# Dataset entries

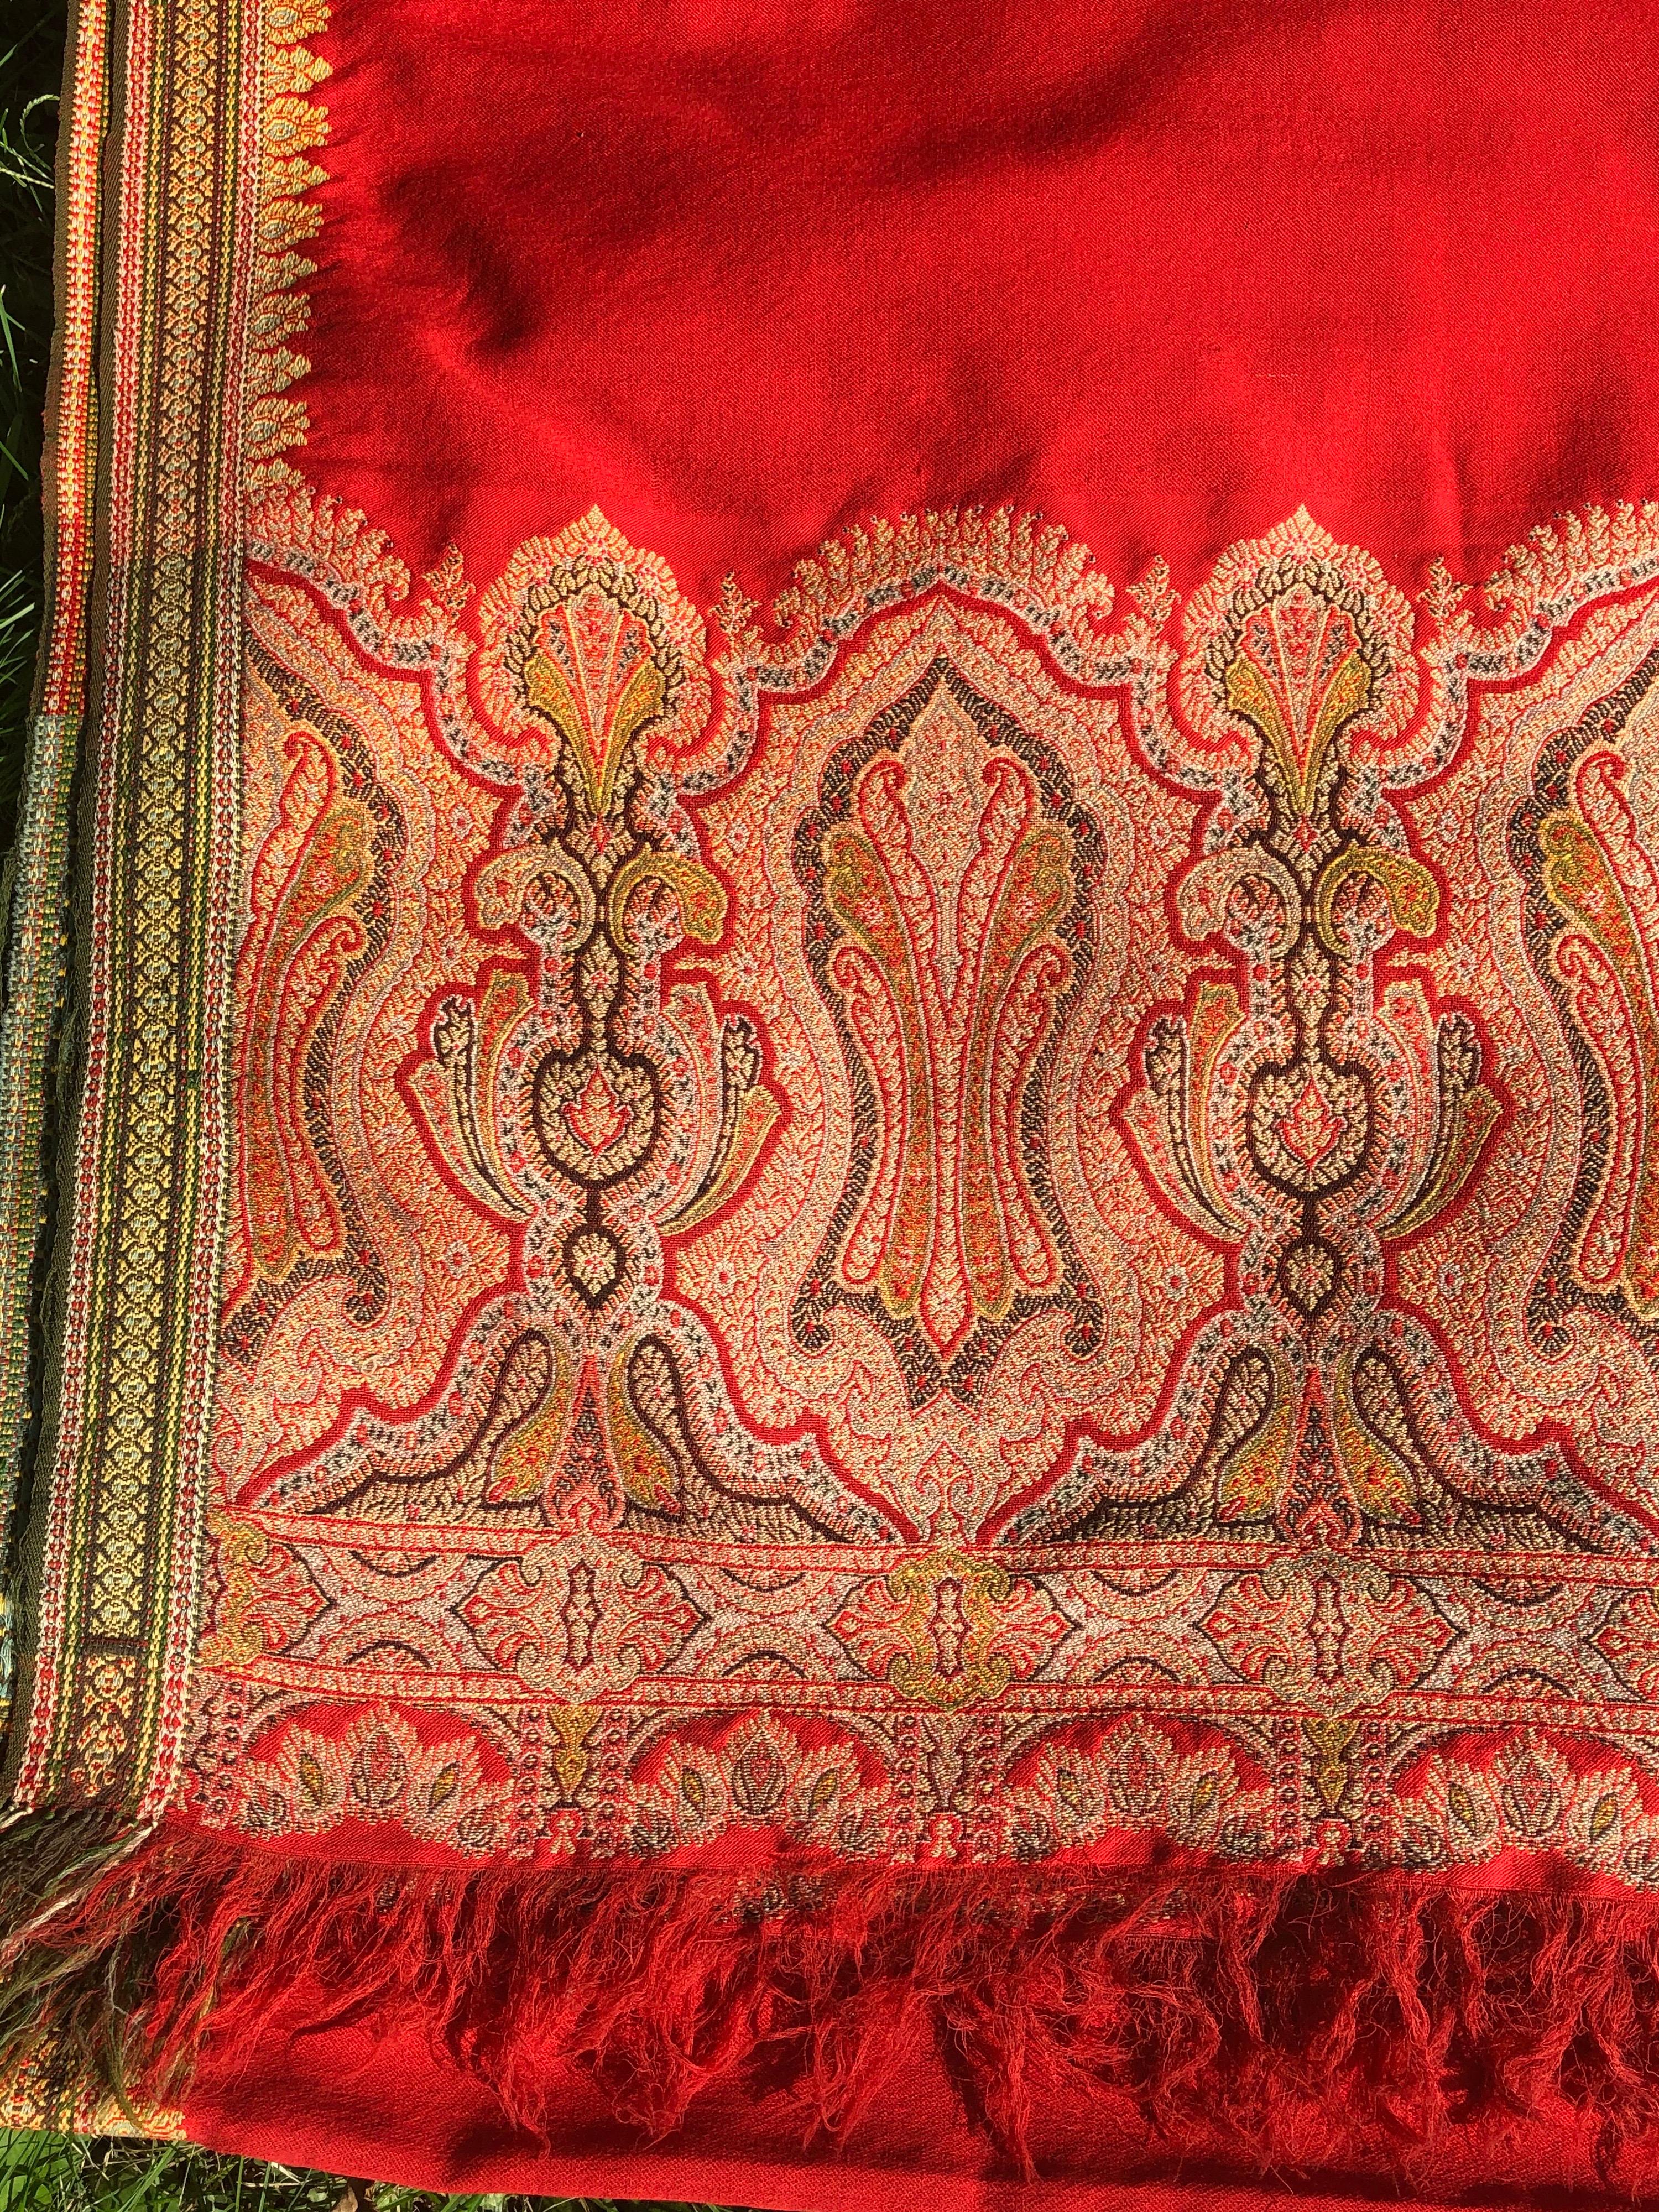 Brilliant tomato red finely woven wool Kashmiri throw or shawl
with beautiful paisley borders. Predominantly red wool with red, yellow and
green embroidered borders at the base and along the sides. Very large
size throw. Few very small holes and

---

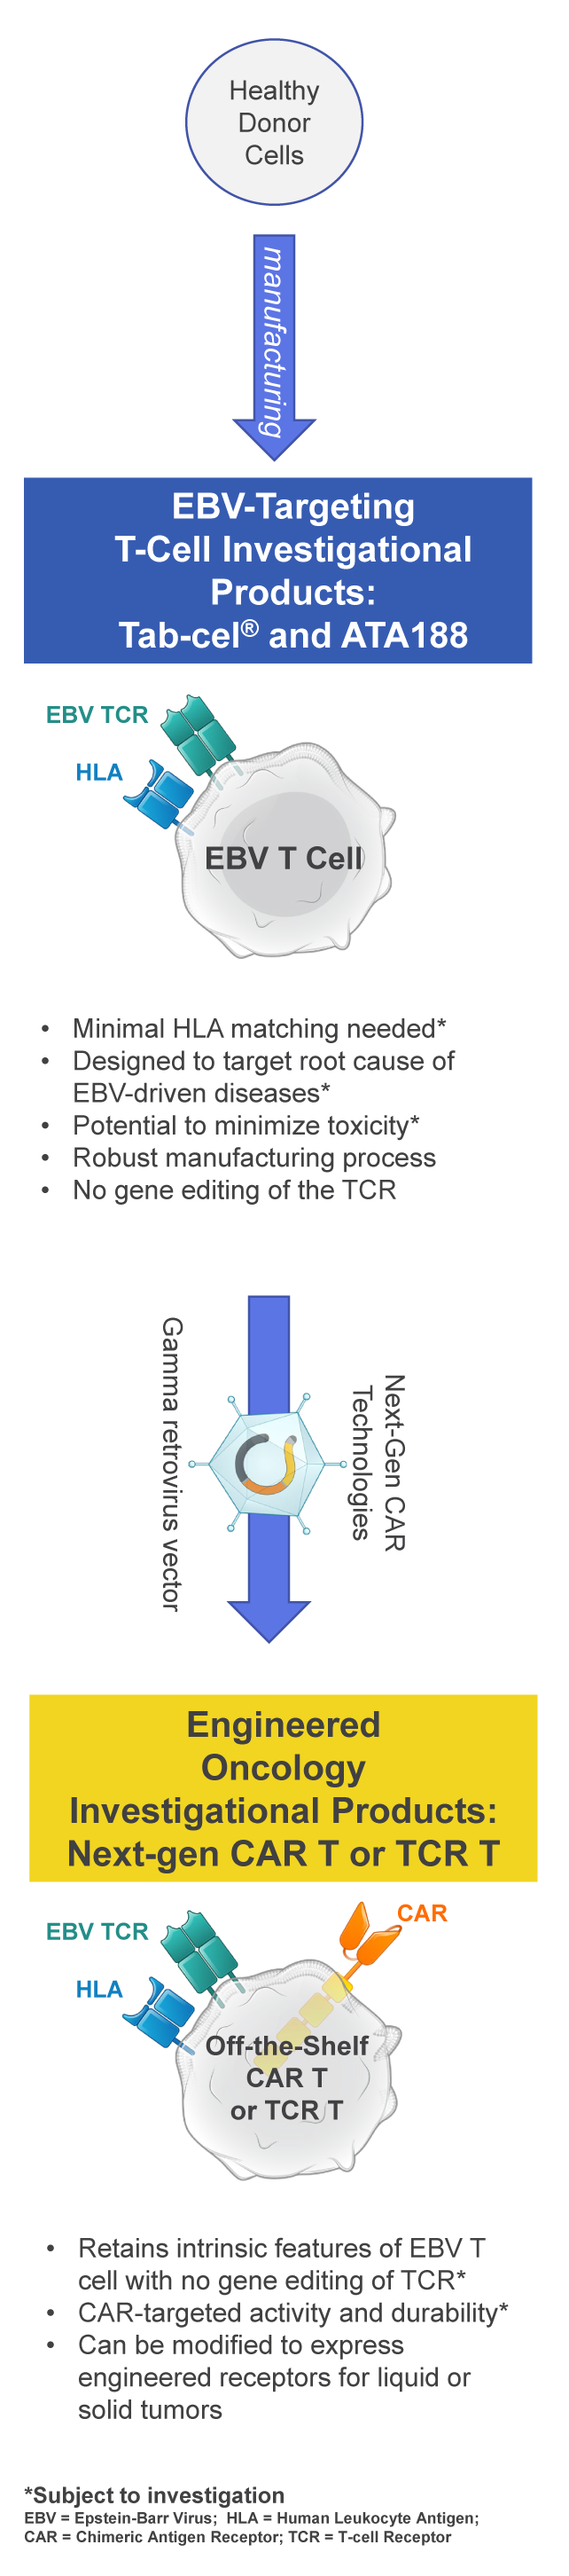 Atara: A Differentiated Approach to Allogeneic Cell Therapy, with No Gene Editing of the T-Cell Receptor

# What to work on
Output exactly the lines of the listing above that start with the one holding "Brilliant tomato red" and go on through the one holding "size throw. Few very small holes and"; leave the pictures out.

# Response
 Brilliant tomato red finely woven wool Kashmiri throw or shawl
with beautiful paisley borders. Predominantly red wool with red, yellow and
green embroidered borders at the base and along the sides. Very large
size throw. Few very small holes and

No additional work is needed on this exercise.